Computing the average causal effect requires knowledge about the interventional distributions $p(R \mid do(D = 0))$ and $p(R \mid do(D = 1))$. As discussed above, these correspond to the conditional distribution in the manipulated DAG which is shown above on the right. The backdoor criterion tells us that the conditional distribution in the observational DAG will correspond to the interventional distribution when blocking the spurious path $D \leftarrow S \rightarrow R$. Using the adjustment formula we have derived above, we expand:

\[\begin{aligned} p(R = 1 \mid do(D = 1)) &= \sum_{s} p(R = 1\mid D = 1, S = s) \, p(S = s) \\[.5em] &= p(R = 1\mid D = 1, S = 0) \, p(S = 0) + p(R = 1\mid D = 1, S = 1) \, p(S = 1) \\[.5em] &= \frac{81}{87} \times \frac{87 + 270}{700} + \frac{192}{263} \times \frac{263 + 80}{700} \\[.5em] &\approx 0.832 \enspace . \end{aligned}\]

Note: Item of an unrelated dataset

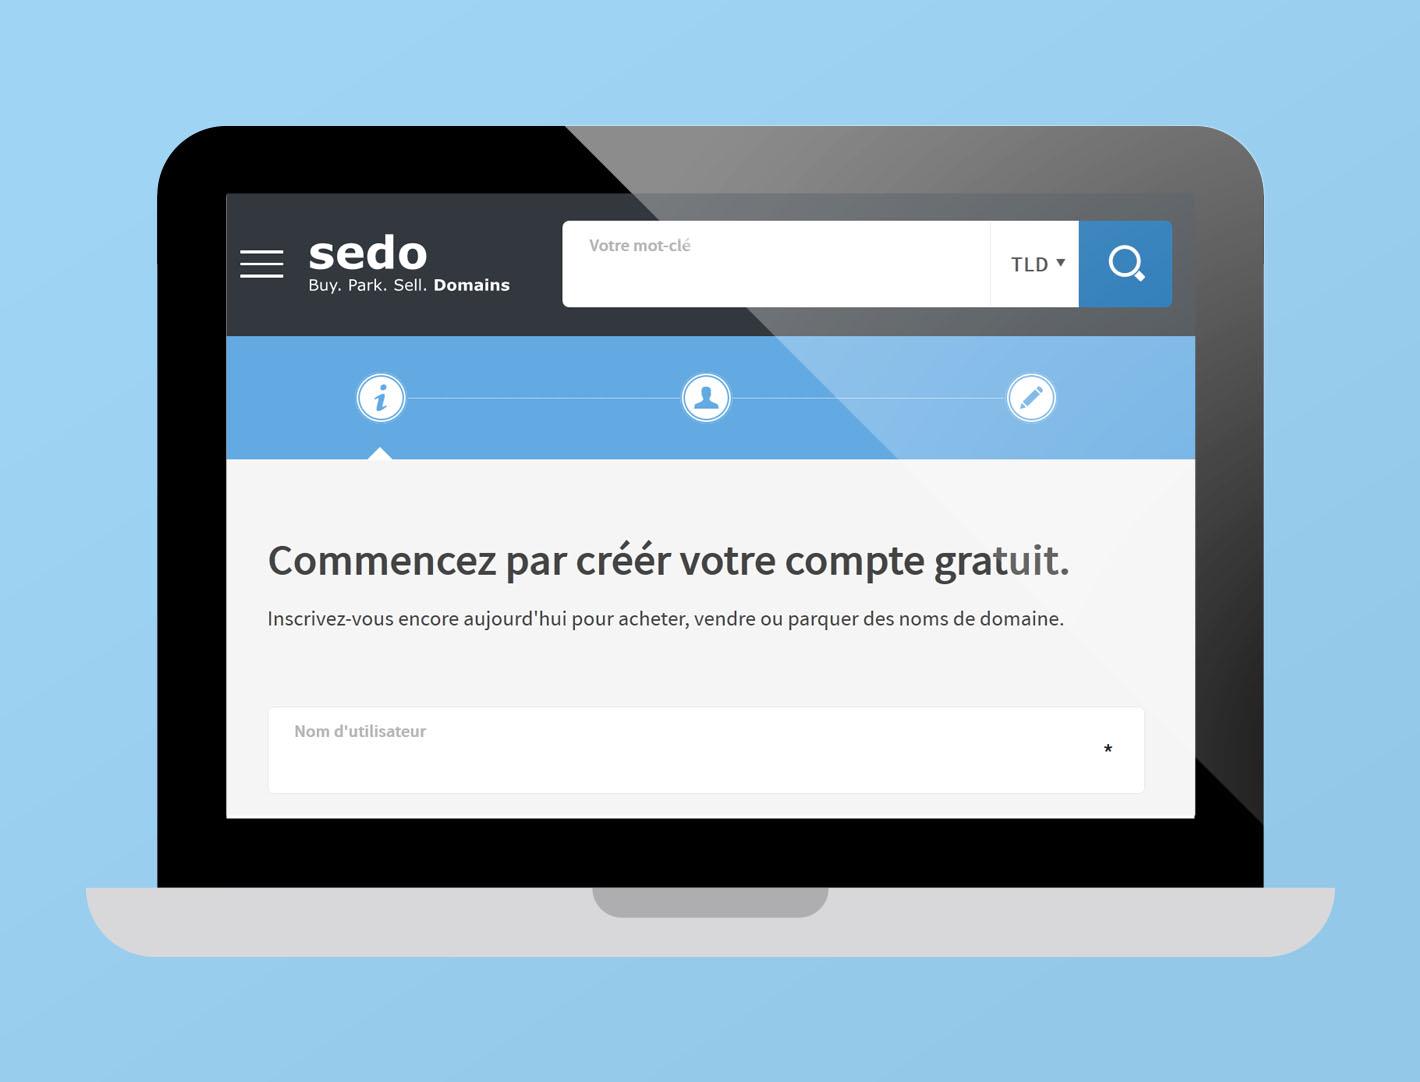 SEDO achat-vente domaines - WWW IMRITECHSEARCH COM

In words, we first compute the benefit of taking the drug separately for men and women, and then we average the result by weighting it with the fraction of men and women in the population. This tells us that, if we force everybody to take the drug, about $82\%$ of people will recover. We can similarly compute the probability of recovery given we force all patients to not choose the drug:

\[\begin{aligned} p(R = 1\mid do(D = 0)) &= \sum_{s} p(R = 1\mid D = 0, S = s) \, p(S = s) \\[.5em] &= p(R = 1\mid D = 0, S = 0) \, p(S = 0) + p(R = 1\mid D = 0, S = 1) \, p(S = 1) \\[.5em] &= \frac{234}{270} \times \frac{87 + 270}{700} + \frac{55}{80} \times \frac{263 + 80}{700} \\[.5em] &\approx 0.782 \enspace . \end{aligned}\]

Therefore, taking the drug does indeed have a positive effect on recovery on average, and the doctor should prescribe the drug.

Note that this conclusion heavily depended on the causal graph. While graphs are wonderful tools in that they make our assumptions explicit, these assumptions are — of course — not at all guaranteed to be correct. These assumptions are strong, stating that the graph must encode all causal relations between variables, and that there is no unmeasured confounding, something we can never guarantee in observational data.

Let’s look at a different example but with the exact same data. In particular, instead of the variable sex we look at the post-treatment variable blood pressure. This means we have measured blood pressure after the patients have taken the drug. Should a doctor prescribe the drug or not?

Since blood pressure is a post-treatment variable, it cannot influence a patient’s decision to take the drug or not. We draw the following causal DAG, which makes clear that the drug has an indirect effect on recovery through blood pressure, in addition to having a direct causal effect.⁵

From this DAG, we find that the causal effect of $D$ on $R$ is unconfounded. Therefore, the two causal quantities of interest are given by:

\[\begin{aligned} p(R = 1 \mid do(D = 1)) &= p(R = 1 \mid D = 1) = 0.78 \\[.5em] p(R = 1 \mid do(D = 0)) &= p(R = 1 \mid D = 0) = 0.83 \enspace . \end{aligned}\]

This means that the drug is indeed harmful. In the general population (combined data), the drug has a negative effect. Suppose that the drug has a direct positive effect on recovery, but an indirect negative effect through blood pressure. If we only look at patients with a particular blood pressure, then only the drug’s positive effect on recovery remains. However, since the drug does influence recovery negatively through blood pressure, it would be misleading to take the association between $D$ and $R$ conditional on $Z$ as our estimate for the causal effect. In contrast to the previous example, using the aggregate data is the correct way to analyze these data in order to estimate the average causal effect.

So far, our treatment has been entirely model-agnostic. In the next section, we discuss Structural Causal Models (SCM) as the fundamental building block of causal inference. This will unify the previous two levels of the causal hierarchy — seeing and doing — as well as open up the third and final level: counterfactuals.

Structural Causal Models

In this section, we discuss Structural Causal Models (SCM) as the fundamental building block of causal inference. SCMs relate causal and probabilistic statements. As an example, we specify:

\[\begin{aligned} X &:= \epsilon_X \\[.5em] Y &:= f(X, \epsilon_Y) \enspace . \end{aligned}\]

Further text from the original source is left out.